I suppose I shouldn’t have been surprised when Joshua showed up the next day at the communal dining room with a bale of yak hair and not a scratch on him. The other monks didn’t seem surprised in the least. In fact, they hardly looked up from their rice and tea. (In my years at Gaspar’s monastery, I found it was astoundingly difficult to surprise a Buddhist monk, especially one who had been trained in kung fu. So alert were they to the moment that one had to become nearly invisible and completely silent to sneak up on a monk, and even then simply jumping out and shouting “boo” wasn’t enough to shake their chakras. To get a real reaction, you pretty much had to poleax one of them with a fighting staff, and if he heard the staff whistling through the air, there was a good chance he’d catch it, take it away from you, and pound you into damp pulp with it. So, no, they weren’t surprised when Joshua delivered the fuzz harvest unscathed.)

“How?” I asked, that being pretty much what I wanted to know.

“I told her what I was doing,” said Joshua. “She stood perfectly still.”

“You just told her what you were going to do?”

“Yes.”

“She wasn’t afraid, so she didn’t resist. All fear comes from trying to see the future, Biff. If you know what is coming, you aren’t afraid.”

“That’s not true. I knew what was coming—namely that you were going to get stomped by the yak and that I’m not nearly as good at healing as you are—and I was afraid.”

“Oh, then I’m wrong. Sorry. She must just not like you.”

“That’s more like it,” I said, vindicated. Joshua sat on the floor across from me. Like me, he wasn’t permitted to eat anything, but we were allowed tea. “Hungry?”

“Yes, you?”

“Starving. How did you sleep last night, without your blanket, I mean?”

“It was cold, but I used the training and I was able to sleep.”

“I tried, but I shivered all night long. It’s not even winter yet, Josh. When the snow falls we’ll freeze to death without a blanket. I hate the cold.”

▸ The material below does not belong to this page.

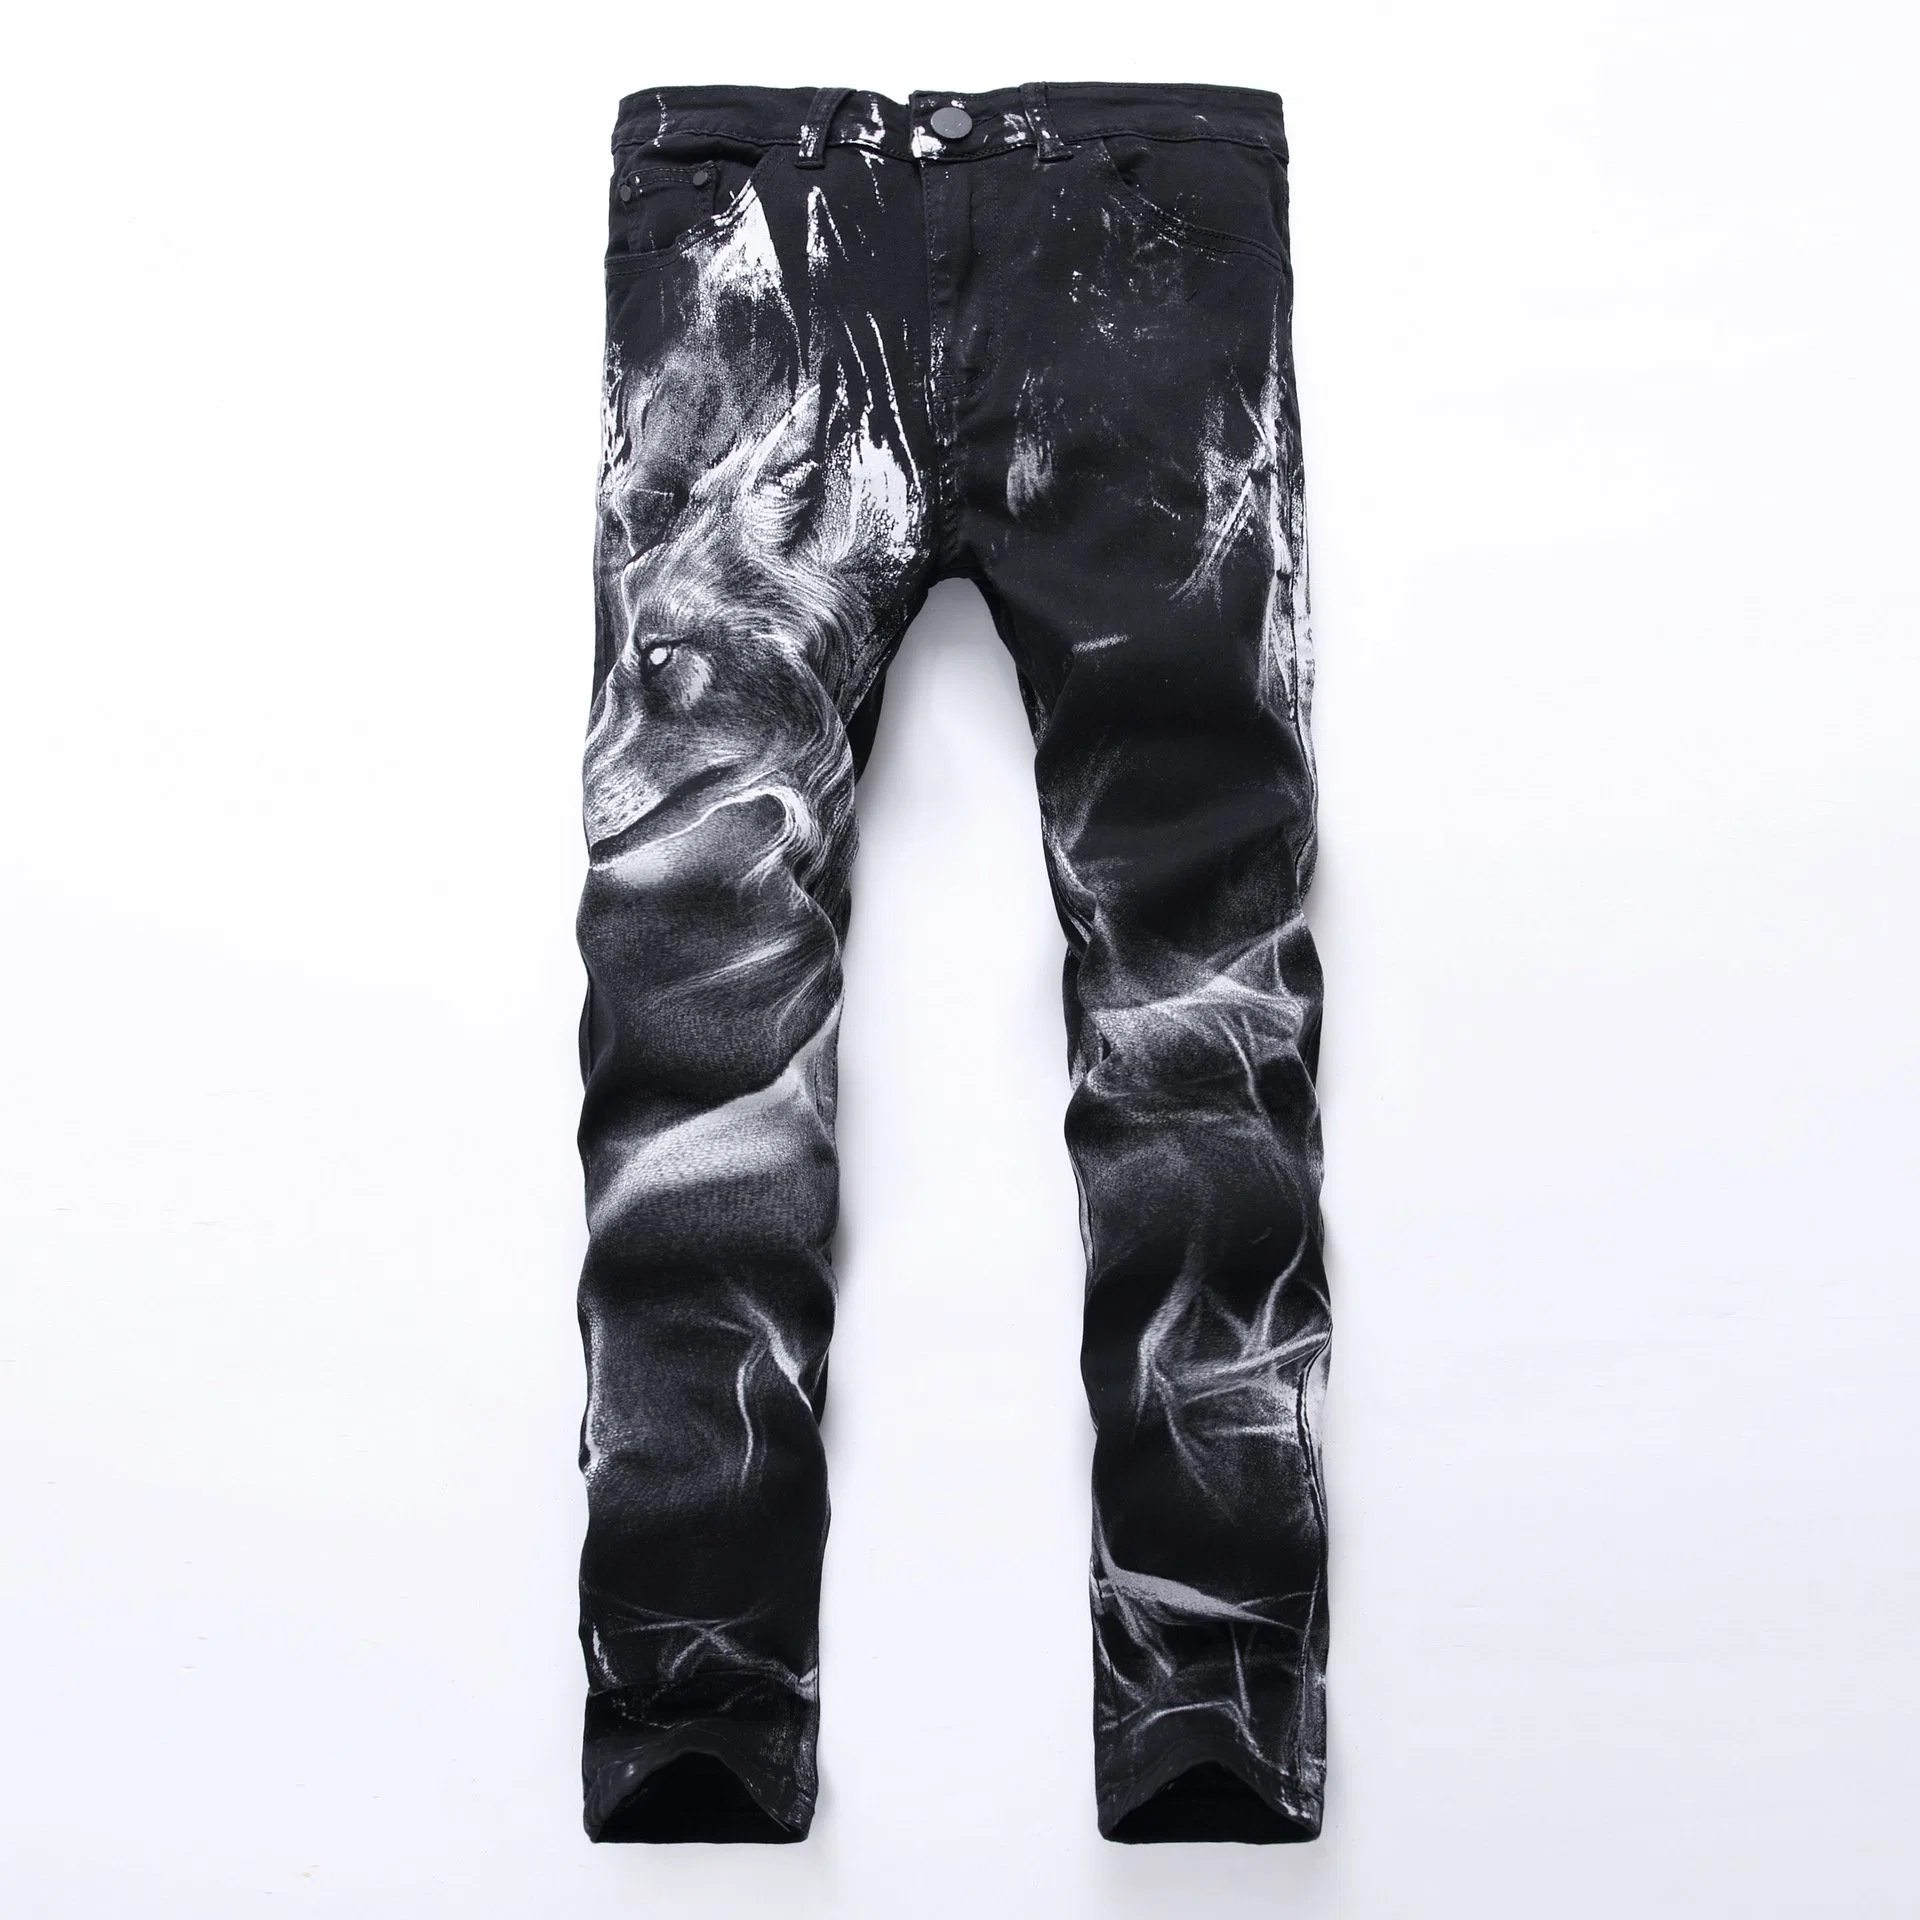 3D Impresso Jeans Stretch homens fino de moda jeans Denim

“You have to be the cold,” said Joshua.

“I liked you better before you got enlightened,” I said.

Now Gaspar started to oversee our training personally. He was there every second as we leapt from post to post, and he drilled us mercilessly through the complex hand and foot movements we practiced as part of our kung fu regimen. (I had a funny feeling that I’d seen the movements before as he taught them to us, then I remembered Joy doing her complex dances in Balthasar’s fortress. Had Gaspar taught the wizard, or vice versa?) As we sat in meditation, sometimes all through the night, he stood behind us with his bamboo rod and periodically struck us on the back of the head for no reason I could discern.

“Why’s he keep doing that? I didn’t do anything,” I complained to Joshua over tea.

“He’s not hitting you to punish you, he’s hitting you to keep you in the moment.”

“Well, I’m in the moment now, and at the moment I’d like to beat the crap out of him.”

“You don’t mean that.”

“Oh, what? I’m supposed to want to be the crap I beat out of him?”

“Yes, Biff,” Joshua said somberly. “You must be the crap.” But he couldn’t keep a straight face and he started to snicker as he sipped his tea, finally spraying the hot liquid out his nostrils and collapsing into a fit of laughter. All of the other monks, who evidently had been listening in, started giggling as well. A couple of them rolled around on the floor holding their sides.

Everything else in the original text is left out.